I usually just leave them on a table and make guac when they are ready. You know 3 or 4 avos, diced tomatoes, cheese and some type of citric acid, lemon, orange, etc.


----------



## snic (Sep 16, 2018)

wooleybooger said:


> I usually just leave them on a table and make guac when they are ready. You know 3 or 4 avos, diced tomatoes, cheese and some type of citric acid, lemon, orange, etc.


Cheese?

Orange?

In Guacamole?



I stick with fresh lime juice, jalapeno, cilantro, crushed garlic and smoked salt.


----------



## de-nagorg (Feb 23, 2014)

It's been covered, but in the frige, they take days to ripen, I put a couple in a dark breadbox, they ripen quickly there, and take more from the frige, and in the breadbox, to ripen, rotating until I need to shop for more.

Here Haas are at .75 each, not the 1.25 you say your store is at.


ED


----------



## Nik333 (Mar 1, 2015)

snic said:


> Cheese?
> 
> Orange?
> 
> ...


🤣🤣🤣

My guacamole has tomatoes, too.

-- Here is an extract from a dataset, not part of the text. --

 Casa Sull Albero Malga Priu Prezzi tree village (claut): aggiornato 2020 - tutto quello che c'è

Twice as many avocados as tomatoes and chopped onion, too, along with what you wrote.


----------



## wooleybooger (Feb 23, 2019)

snic said:


> Cheese?
> 
> Orange?
> 
> ...


Scratch the orange, I was on a roll.


​
* 
While you’re enjoying your holiday weekend of burgers, dogs, and potato salads – maybe try blowing your Grandma away with some guacamole originating from a long-beard. Check out this easy guacamole recipe from ZZ Top‘s Billy Gibbons.

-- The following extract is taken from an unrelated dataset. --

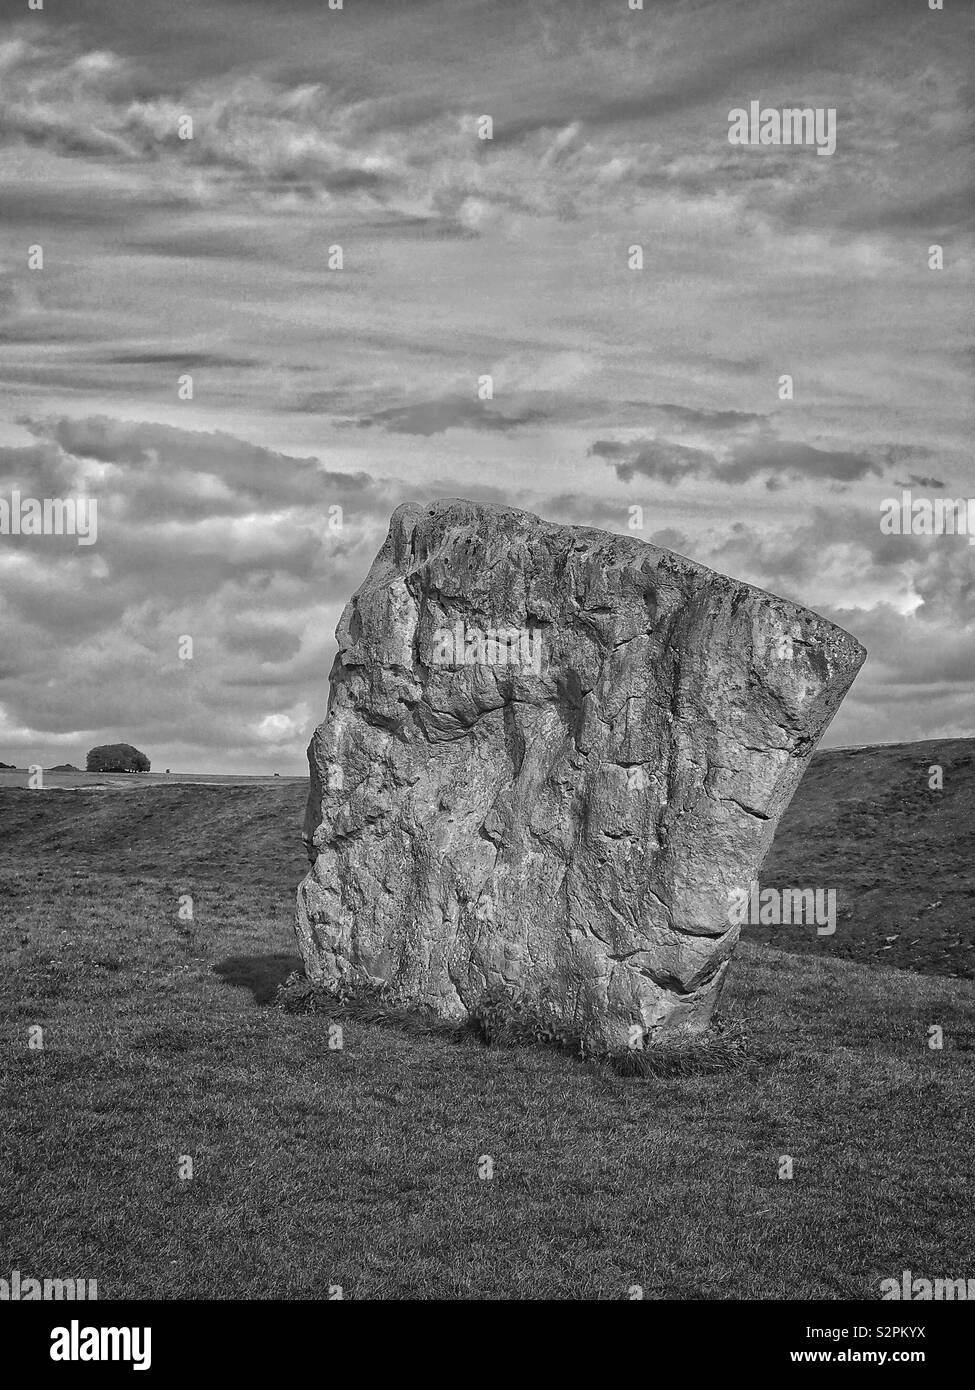 Einer der grossen Steine, die als Teil der südöstlichen Abschnitt des Avebury Stone Circle - in der Nähe von Marlborough in Wiltshire, England. Avebury ist der weltweit größte Steinkreis. Foto © CH. Stockbild

“Rev Willy’s (aka Billy Gibbons) Guacamole
Fistfuls of Avo’s
Good Grinding of garlic
Stealthy Helpings Of Jalapenos
Kilos Of Queso
A Load Of Limes
Packs Of Rev Willys Powdered Peppers**
Carloads Of Crispy Chips

Slice Dice Whack Hack Swirl
~Get Yo’ Girl And You Got It~”

**A little bit of salt, pepper, ground cumin, and cayenne works as a good substitute.*


----------



## Startingover (Apr 18, 2012)

Avocados are a superfood and I eat a lot of them. (Haas) You can peel and freeze also. But I don’t like to leave them in the freezer very long, a couple of weeks. Favorite way is avocado toast. On a slice of plain toast put half an avocado on top and smash it down with a fork.


----------



## J. V. (Jun 1, 2007)

wooleybooger said:


> I usually just leave them on a table and make guac when they are ready. You know 3 or 4 avos, diced tomatoes, cheese and some type of citric acid, lemon, orange, etc.

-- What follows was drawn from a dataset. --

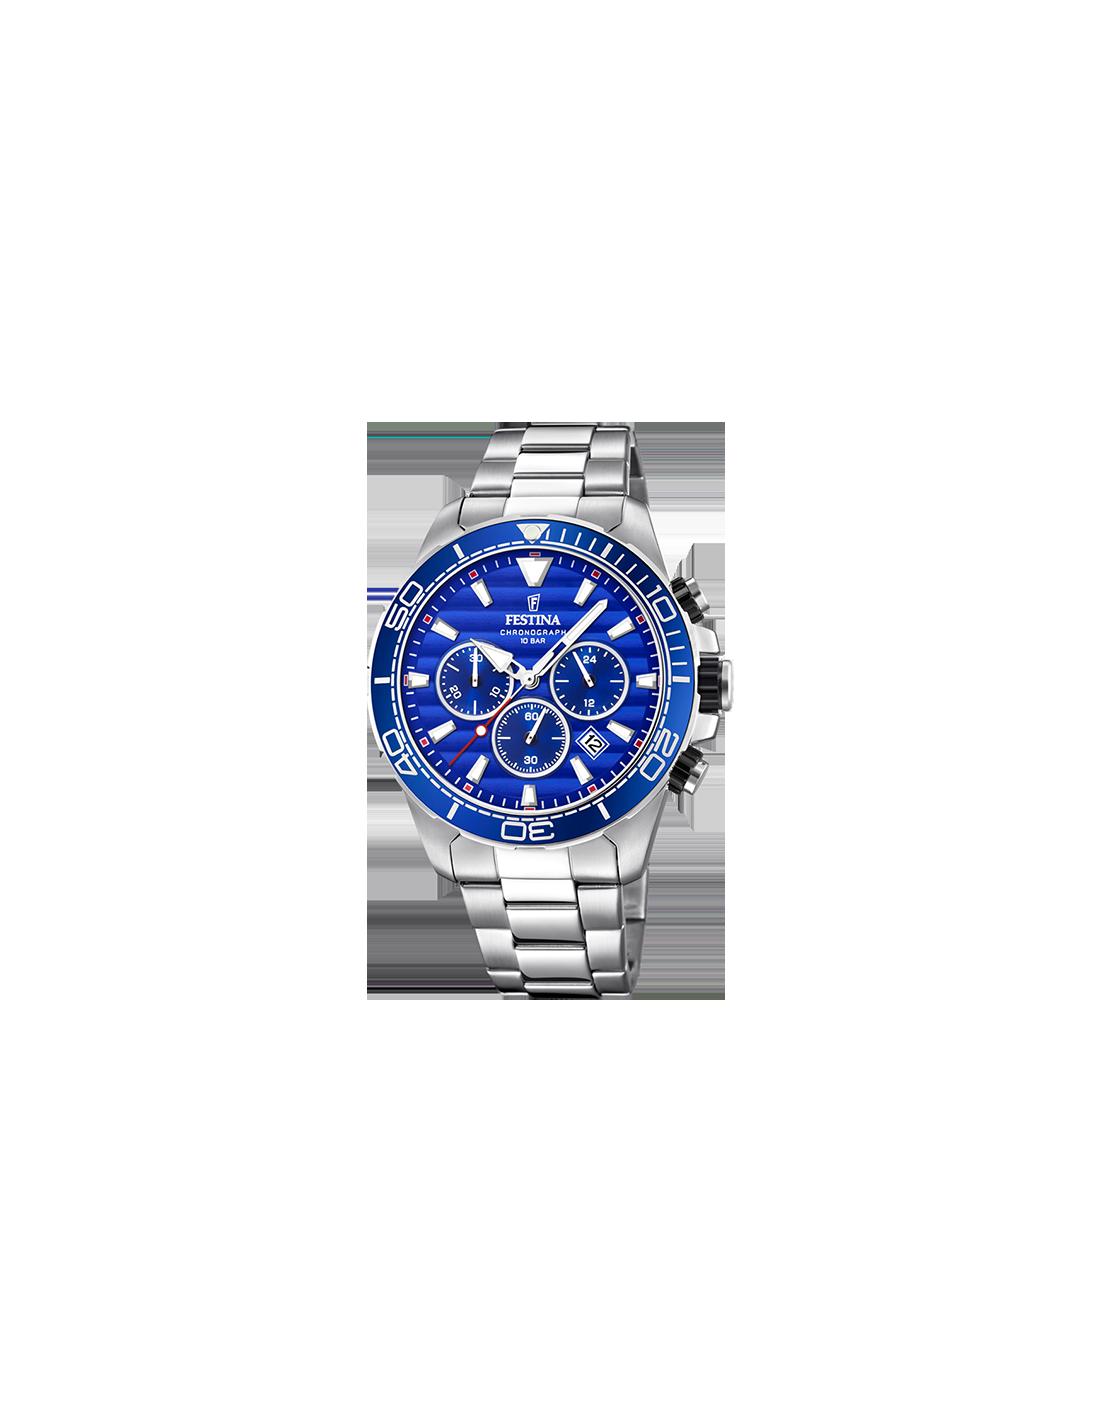 Reloj cronógrafo Festina F20361 2 de la colección Prestige en azul y  plateado e13431aeb80a

I do the same. But they all ripen at the same time. We only need two. After all its just the two of us.
However, its lime we use and no cheese.
I also grate a tiny bit of garlic and onion. To me this takes it from good to great.



de-nagorg said:


> It's been covered, but in the frige, they take days to ripen, I put a couple in a dark breadbox, they ripen quickly there, and take more from the frige, and in the breadbox, to ripen, rotating until I need to shop for more.
> Here Haas are at .75 each, not the 1.25 you say your store is at.ED


My issue was not ripening, its ripening to fast. My intention is to make some today and some tomorrow.
I have been leaving them out on the counter and they all ripen at the same time. We cannot use all of them at once.
So my plan is to refridgerate a few so they can ripen later.



Startingover said:


> Avocados are a superfood and I eat a lot of them. (Haas) You can peel and freeze also. But I don’t like to leave them in the freezer very long, a couple of weeks. Favorite way is avocado toast. On a slice of plain toast put half an avocado on top and smash it down with a fork.


And they are delicious. We can see by this thread, they are not always popular. But we love them.
Back home in Miami as a kid we used them for throwing. Throwing at each other and at passing buses. Not Hass, but green thin skin avocado's. (twice the size of Hass) Not sure how many we wasted, but my mother used to put a basket out front full of them for free. And they still did not always go.
Today each time I pay $1.25 each on sale I think about this.


----------



## de-nagorg (Feb 23, 2014)

J. V. said:


> I do the same. But they all ripen at the same time. We only need two. After all its just the two of us.
> However, its lime we use and no cheese.
> I also grate a tiny bit of garlic and onion. To me this takes it from good to great.
> 
> ...



I like to mix them into a Tuna Salad, Tuna, Mayo, Boiled Egg, Pickle Relish, all mashed, and stirred together.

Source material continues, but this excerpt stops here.